Just as important, as parents and grandparents, we must get involved and take-back our schools at the K-through-12 levels, before another generation of children are permanently lost from the indoctrination by leftist-socialists, who are currently in control of our government-controlled compulsory schooling system. Ultimately, we need to Separate Education from the State.

 

As a suggestion, you may want to buy my book, Democracy vs. Freedom, The Supreme Court May Be Our Last Hope. Once you finish reading the paperback version, send it to Justice Clarence Thomas or Neil Gorsuch, who just recently published a book entitled, A Republic, If You Can Keep It. Buy two of my books and send it to both Justices!

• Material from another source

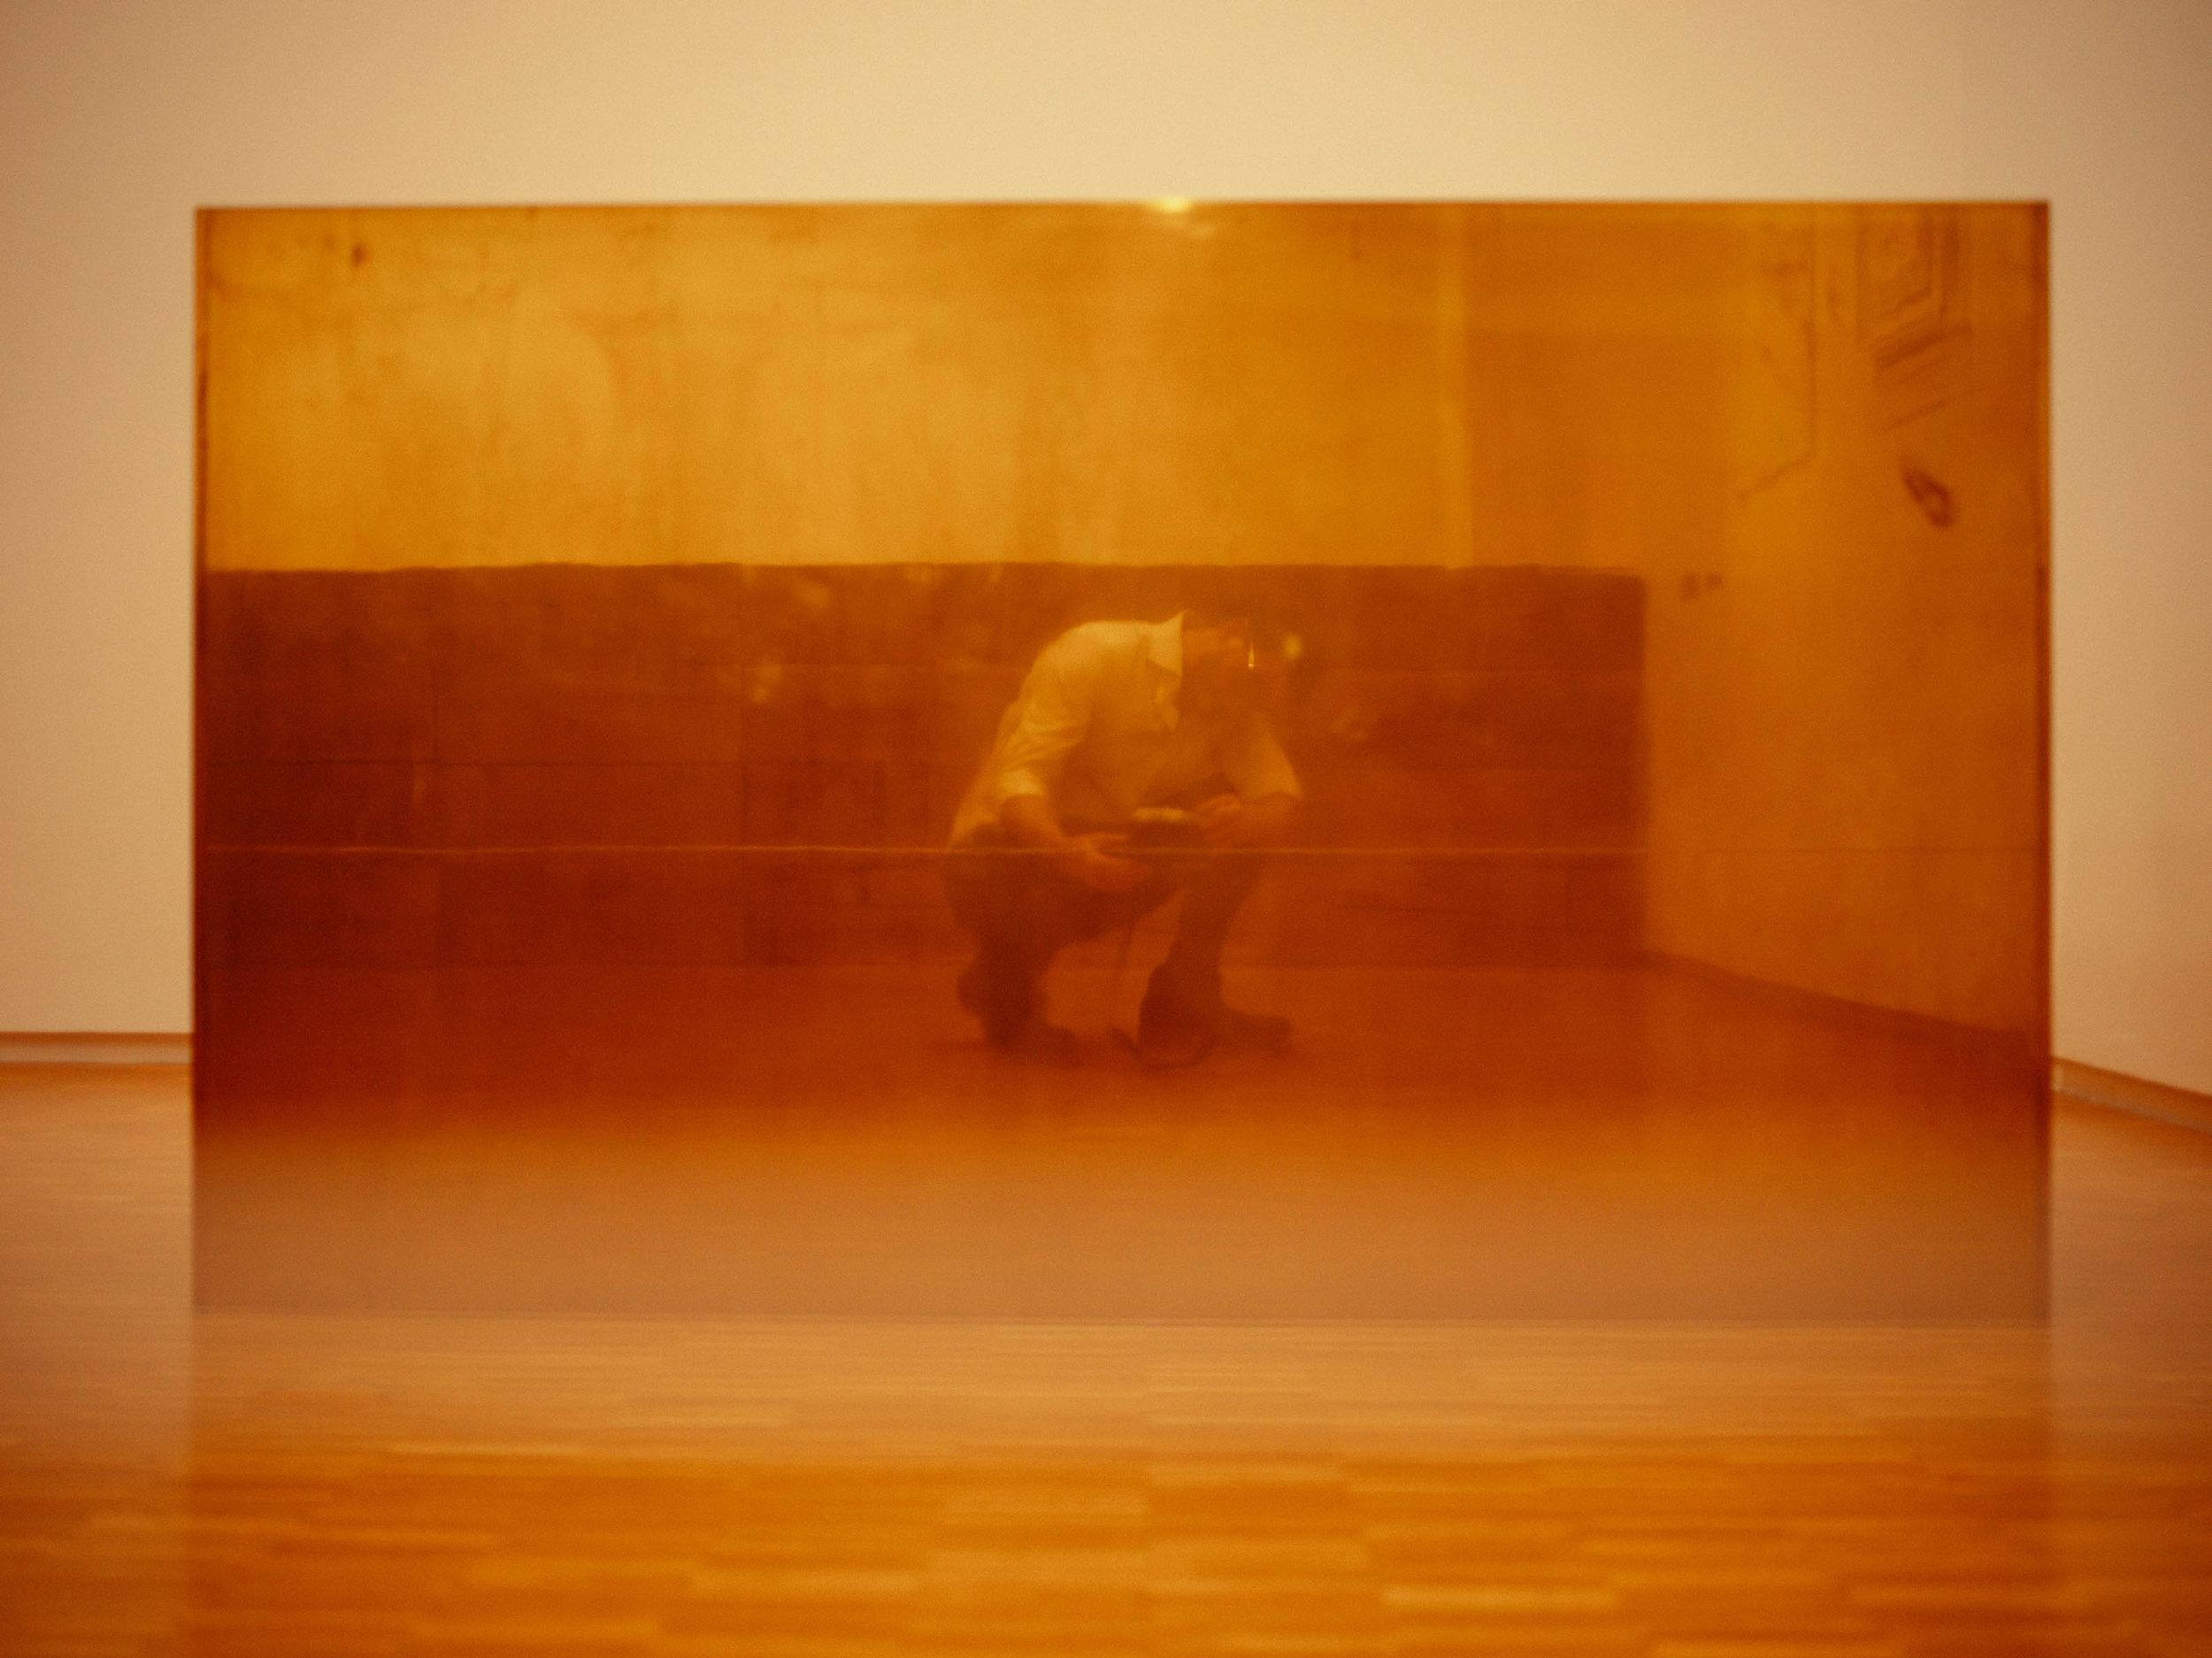 Otro de mis yo. Donald Judd, Centro Pompidou, Paris 2019.

Imagine hundreds or thousands of books showing up at the Supreme Court… we just might get their attention!  

 

Finally, we must ALL vote every socialist out-of-office in November 2024. Anyone who wants to raise taxes on anyone or anything, or who wants to increase overall government spending, or who wants to increase regulations, or who supports the climate change agenda, or anyone who would rather buy fossil fuels from countries that hate us rather than becoming energy independent once again, is a socialist or as Ben Franklin would say, a scoundrel, and YOU SHOULD NOT VOTE FOR THEM.

 

We want to continue to celebrate Independence Day in all its Glory!

 

Dum Spiro Spero—While I breathe, I hope.